Polycystic kidney disease, and future drugs that might treat it

Earlier, we had talked about kidney cysts, and how they could be present in different disease conditions of varying severity. Lets talk a little about one specific entity characterized by multiple cysts in the kidney, called Polycystic Kidney Disease (PKD), and some potential treatment options that might pan out in the future.  

PKD is one of the most common genetic disorders, affecting as many as 1 in 500 people. It is a leading cause of kidney failure. It occurs because of mutations in certain genes that are present on different human chromosomes. These genes could be either PKD1, PKD2, or PKD3 genes. Which of these genes has the mutation and what type of mutation it might be, has a huge effect on the expected outcome of PKD. It could mean a difference between a patient developing kidney failure at the age of 49 versus 79 years! A discussion of the different types of mutations is beyond the scope of this blog. 

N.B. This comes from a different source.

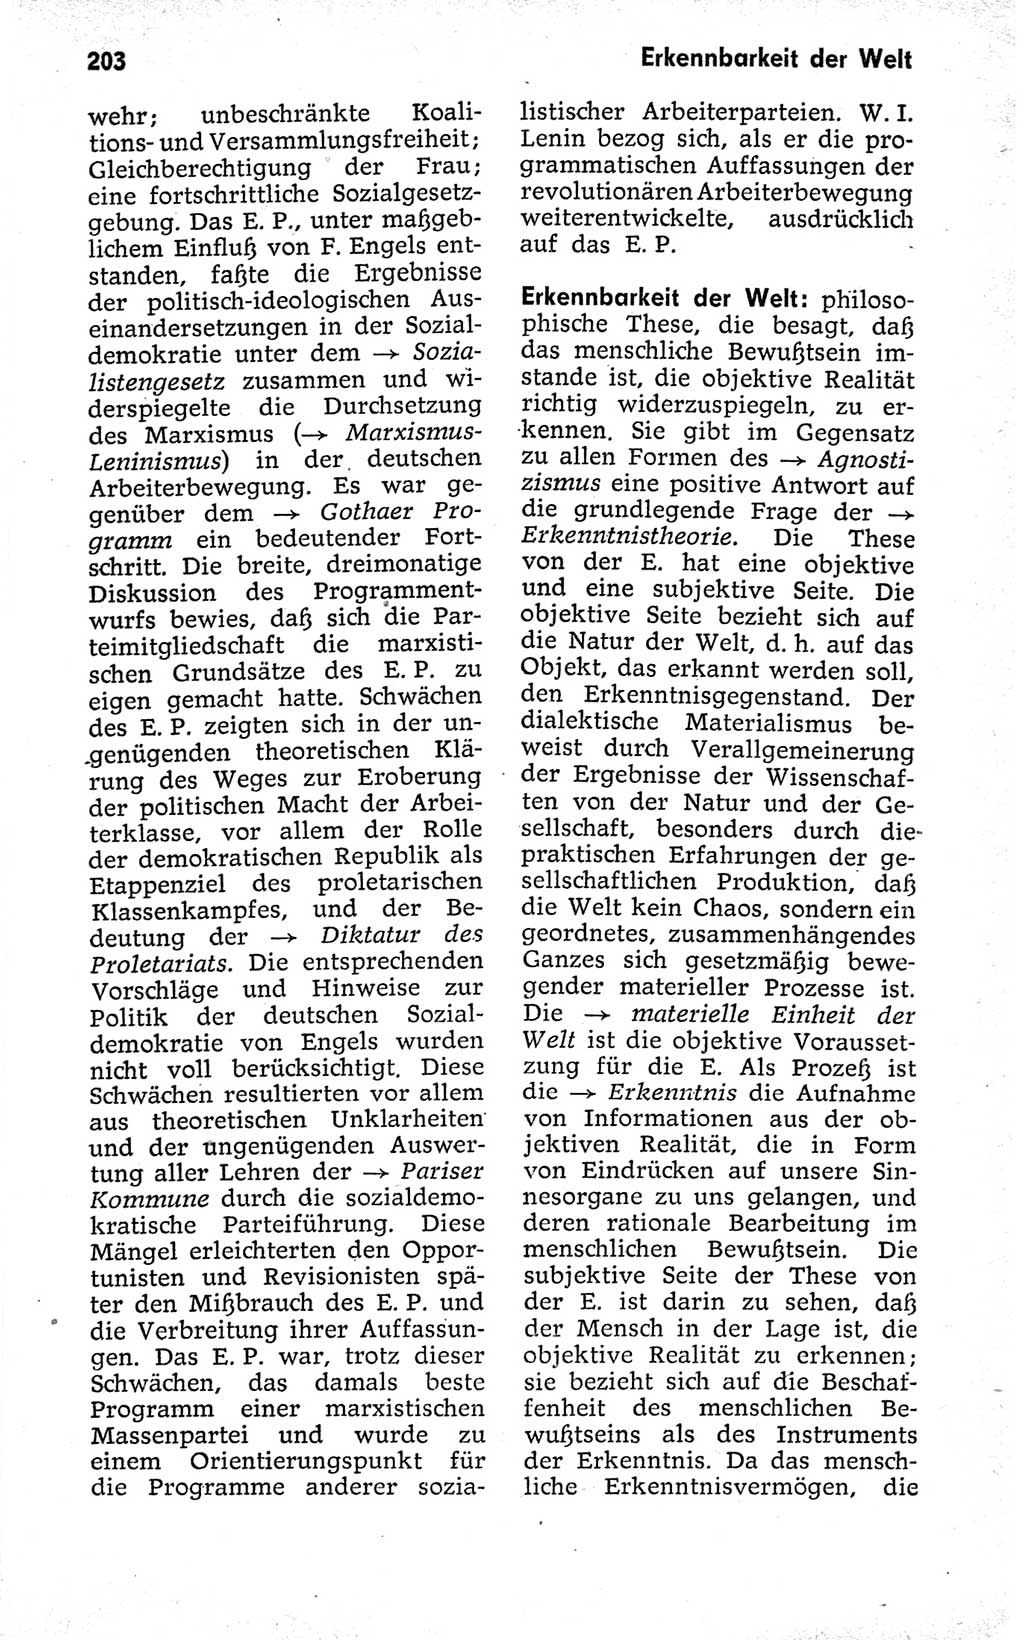 Kleines politisches Wörterbuch [Deutsche Demokratische Republik (DDR)] 1973, Seite 203 (Kl. pol. Wb. DDR 1973, S. 203)

Typically, the mutation is present at birth. However, cysts might not be apparent at that time. These cysts grow into appreciable fluid filled sacs over the first couple of decades, at which time they may begin to cause symptoms or signs. Most people who know of a family history of PKD have a low threshold of being diagnosed with PKD since both patients and physicians are well aware of the strong familial nature of the disease. Sometimes however the family history might not be known, or it could be a case where the parent had a relatively benign version of the mutation where the disease might not have caused kidney failure till the late 70s. In this case, the affected parent could have died before the disease ever had the chance to progress to end stage kidney disease. 

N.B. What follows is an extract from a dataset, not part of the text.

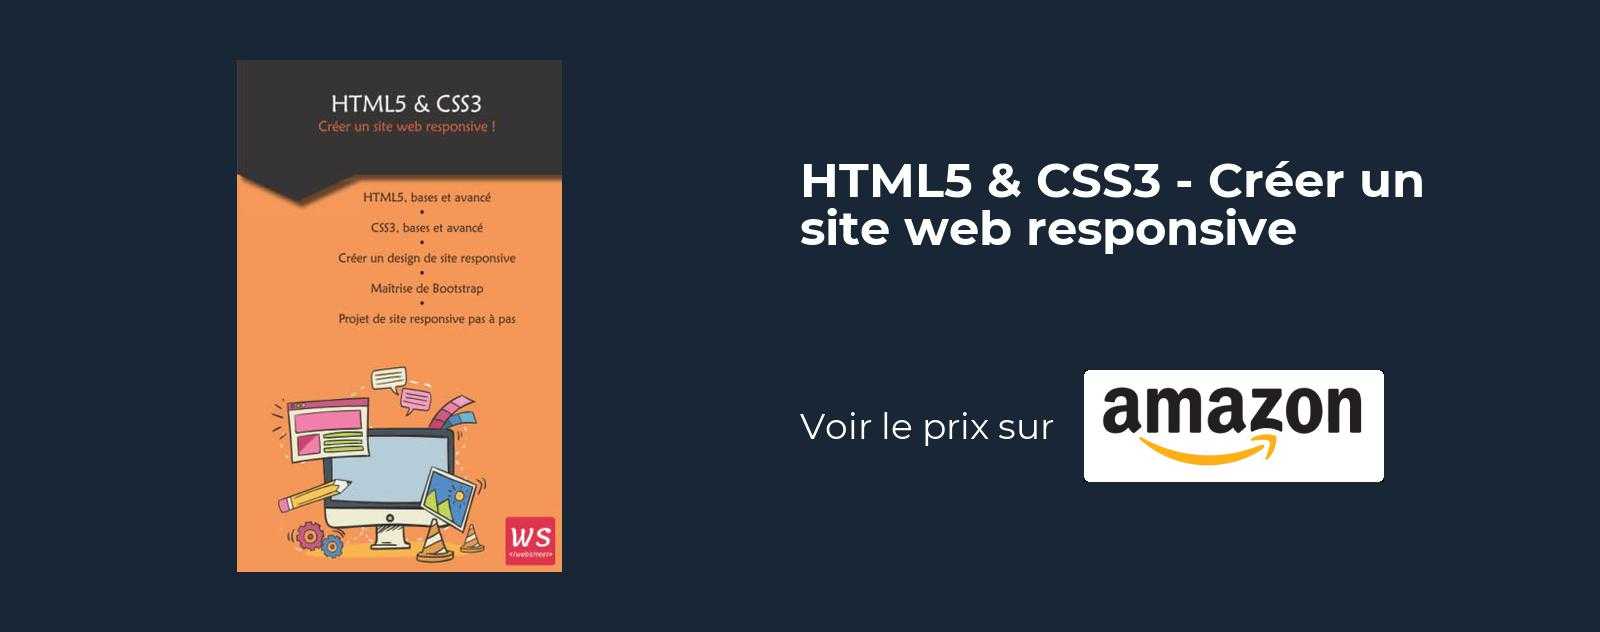 HTML5 & CSS3 - Créer un site web responsive

The diagnosis is usually made when cysts are picked up on imaging studies. However, just because someone has multiple cysts in the kidneys does not necessarily mean that they have PKD. It could just be a case of one-too-many "simple" cysts and other possibilities that we had discussed earlier. This is a common clinical conundrum that I have faced in my practice as a nephrologist, and this could necessitate genetic testing.



ROLE OF ADH

As much as I want to not make this blog too technical for the average reader, I will have to make a mention of a hormone called ADH, or the Anti Diuretic Hormone (also known as Vasopressin) that is produced by the pituitary gland. This is a hormone that acts on the kidney and makes it retain water. It is what makes the urine look dark and concentrated when you have not had enough water, or spent a day outside in the hot sun. If it weren't for ADH, a day on the beach would tantamount to a life threatening experience where you would dehydrate yourself to death within a matter of hours. It is the hormone that has helped life evolve from the oceans to land, eons ago. If it weren't for ADH, you and I would be ocean dwelling organisms, unable to withstand the harsher dehydrating influence of a hotter land surface under a blazing sun! 


So why am I talking about ADH? Well, studies have shown that ADH is one of the factors involved in the growth of the cysts (the reason for kidney failure) in PKD.  In other words, if you could somehow inhibit the action of ADH on the cysts and consequently slow down cyst growth, you could possibly stem the inexorable progression of PKD.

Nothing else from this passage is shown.